Barry's Temple of Godzilla (www.stomptokyo.com/godzillatemple/)--Barry is undoubtedly a big Godzilla fan, and for that we've got to respect him. His devotion is so great that he was even quoted in a recent Wall Street Journal article about the new movie and was consulted by the Hershey's company on the design of their new Godzilla chocolate bar. All of this is not to imply that Barry is anything more than a slobbering fanboy with a computer. From this attractively designed page, you can check out Barry's reviews of assorted films and books (all Godzilla-related, of course), ogle his collection of Godzilla toys and thumb through his stockpile of Godzilla pictures. Barry has recently added a brief review of the new Godzilla movie (he liked it, but doesn't really consider it a "Godzilla" movie). The cartoon graphics are a nice touch (even though Barry went a bit crazy on the colors here), but the little animated icons (like a walking baby 'Zilla) tend to slow page-loading to a crawl. The best part of the Temple is probably the short movie clips you can download to your desktop. The strangest? How about Barry's two online Godzilla novels. Oh boy, fan-fic! The Big B's obviously put a lot of work into 'em--all I can say is don't quit your day job, Barry.

Alan's Kaiju Room (www.parlorcity.com/awiterrowd/kaiju/)--Alan is another fanboy with a mission. He wants to be a sort of repository of Godzilla info on the WWW. The Kaiju Room has the usual pile of Godzilla pictures and lore but also includes a fine selection of links and the most up-to-date info on Godzilla conventions around the United States. Alan's has also become the resting place for two important documents--namely, "The Monster Gallery" and "The Guide to Kaiju Biology." Both documents were rescued from Mark Melon's late, lamented Godzilla page and contain loads of stats, pics and sounds (woo-hoo!) from nearly all the monsters in the Big G pantheon. "The Guide to Kaiju Biology" is especially entertaining, running down the finer points of Godzilla's internal organs and pondering the flight capabilities of Mothra. "Kaiju," in case you're not up on the lingo, is Japanese for monster. "Kaiju Eiga"--essentially "monster movies"--is the term used to describe the films of Godzilla and his gigantic ilk.

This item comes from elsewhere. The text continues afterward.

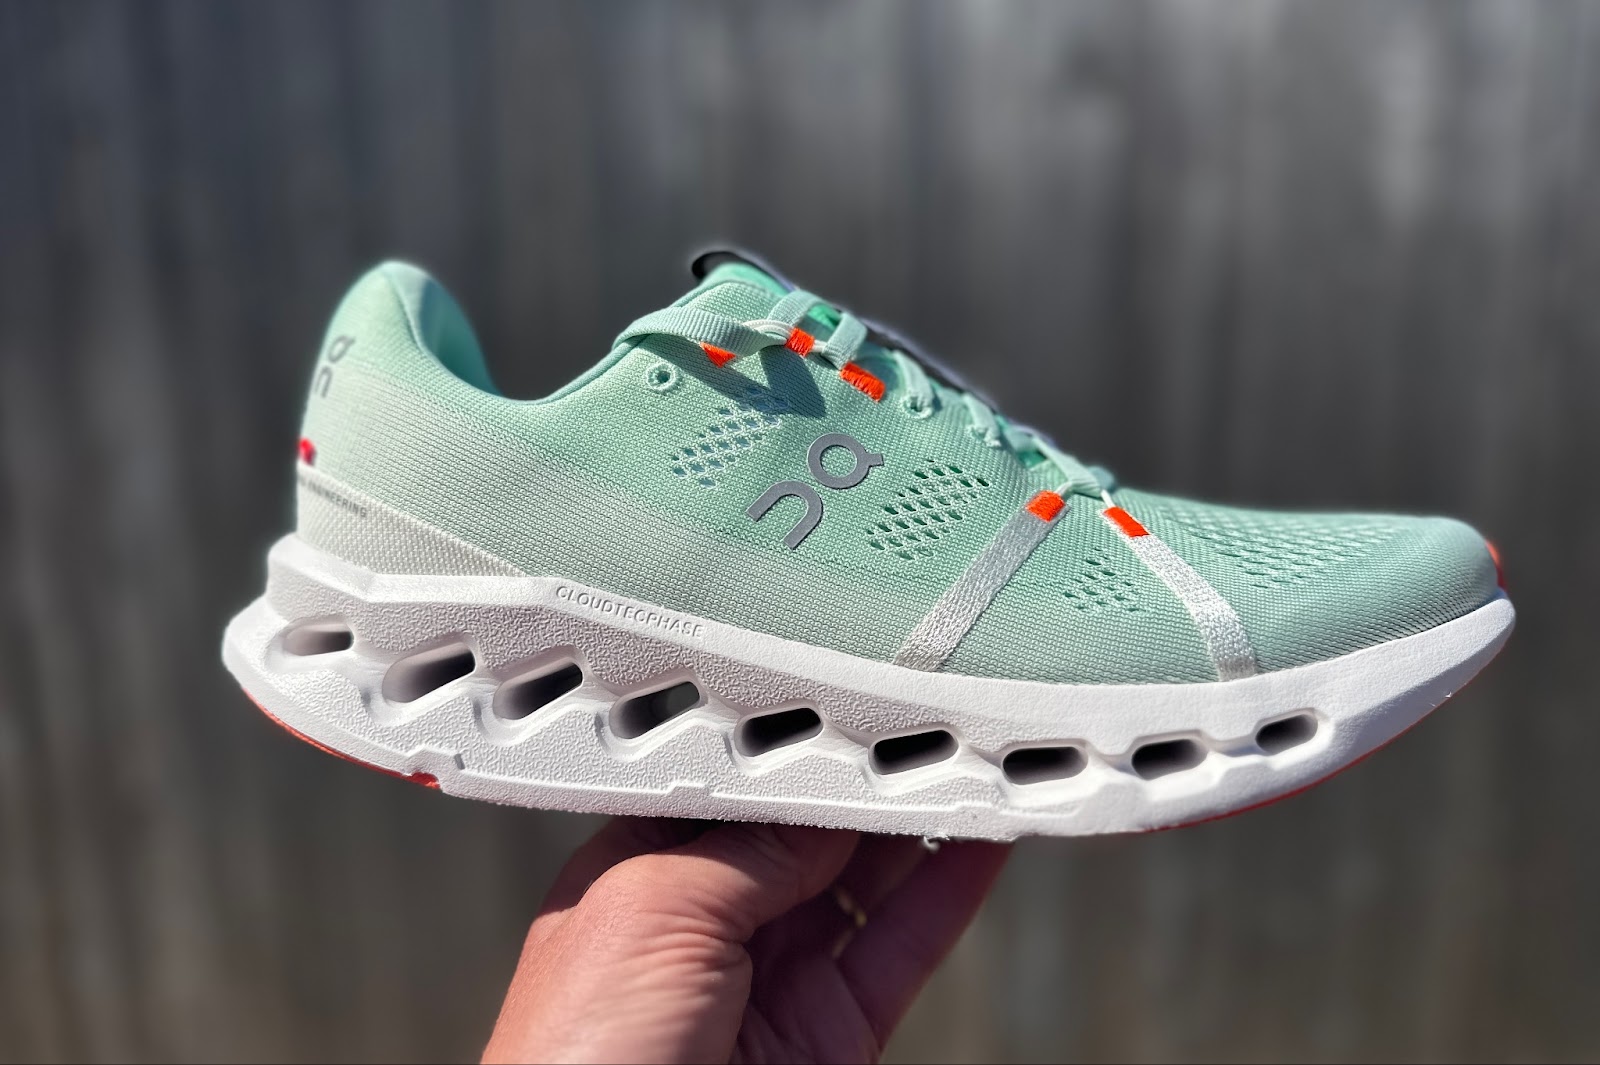 On Cloud 5 Ready Review: The Most Durable Cloud Shoes Yet
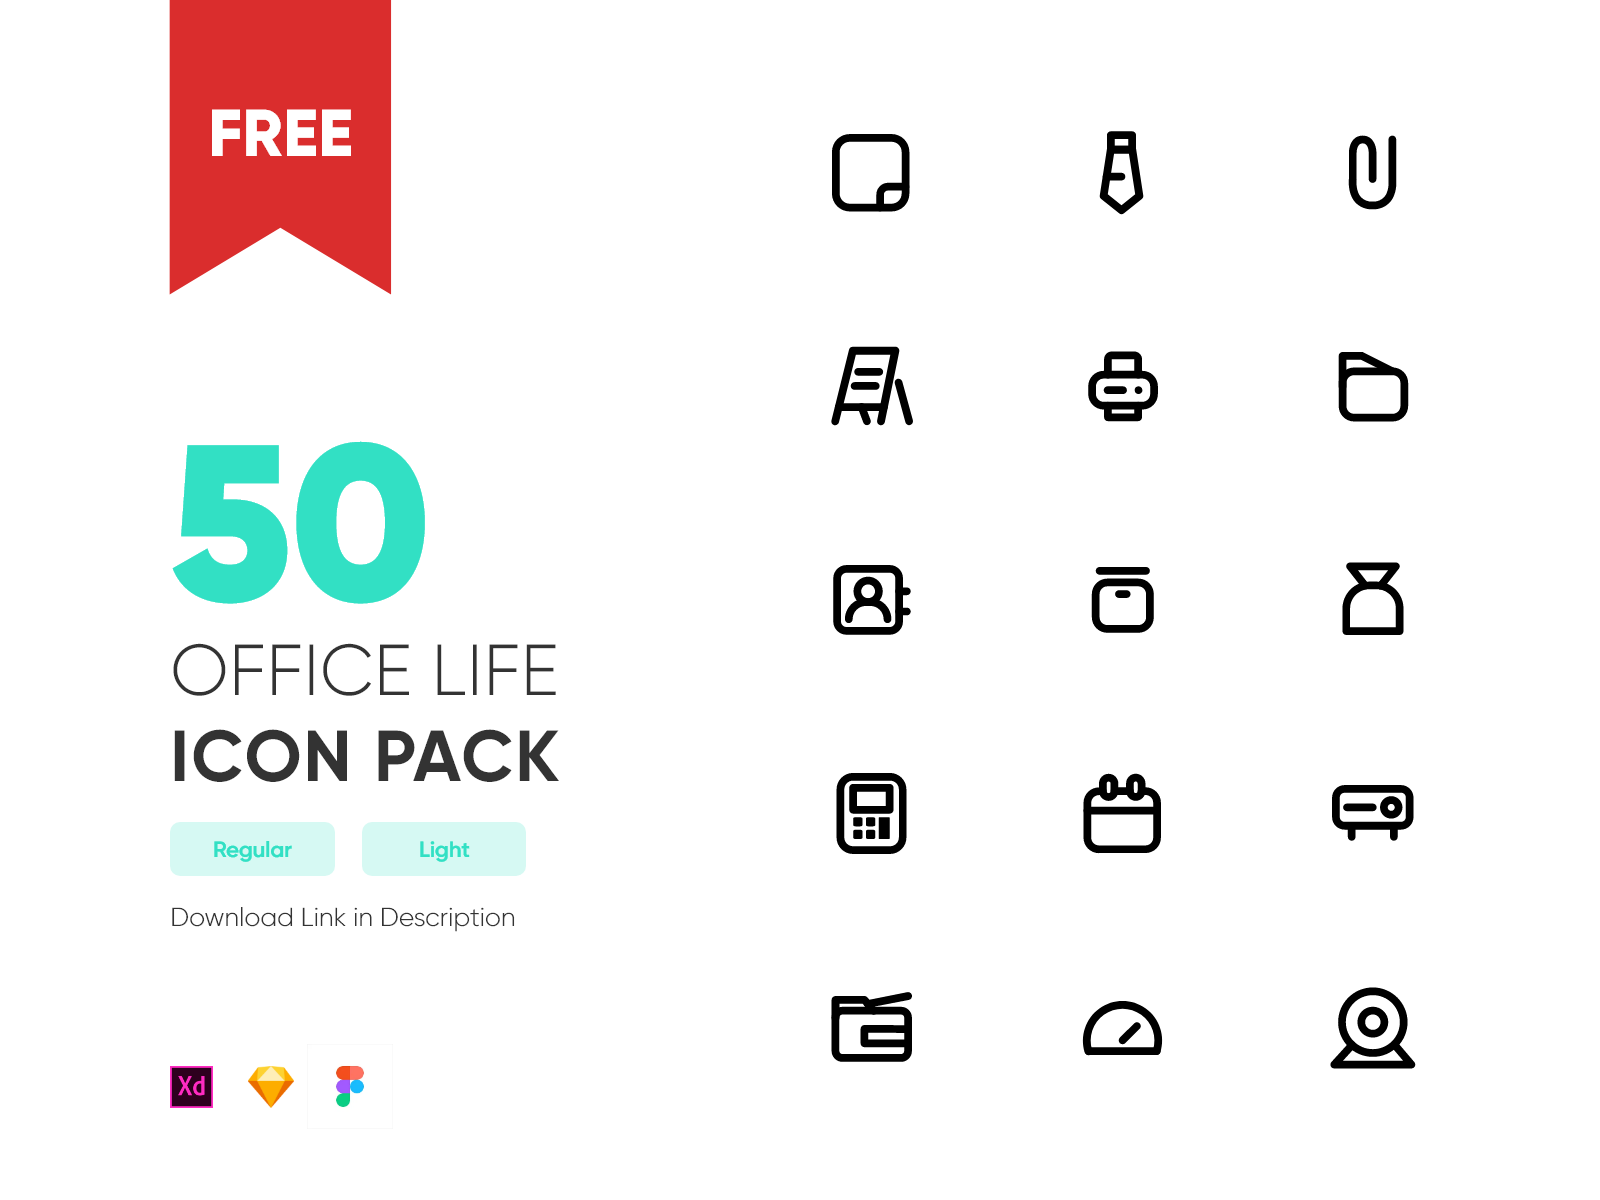 Free Office Life Icon Pack By kash Raj Dahal On Dribbble

Official Godzilla Movie Site (www.godzilla.com)--This 100 percent officially licensed homepage for TriStar Pictures' new Godzilla film offers quite a bit more than expected. Granted, the multiframe browsing system, the overload of graphics and the abundance of Java programming makes for one sloooooow load. Still, with a bit of patience (and a powerful Pentium), there are some nice rewards to be unearthed here. First off, there's all the usual stuff (a store to buy Godzilla crap, a bunch of soundbites from the soundtrack, loads of presskit info for the movie). But dig a little deeper and you'll find some interesting additions. There are not one, but two Godzilla-related chat rooms. There's a very impressive multiplayer Godzilla game to download and play over the Internet. Best of all, there's the G-Database. I wouldn't have expected so much as a mention of the old-school Toho stuff from TriStar's Web page, but there it is. Click on your favorite Big G film or your most beloved Japanese monster, and you'll be greeted with a wealth of information. This thing's got everybody. We're talking Varan the Unbelievable. We're talking Oodaka--monsters so obscure few hardcore fans even recognize them. Kudos to TriStar for tossing a meaty bone to us aging Godzilla fans as well.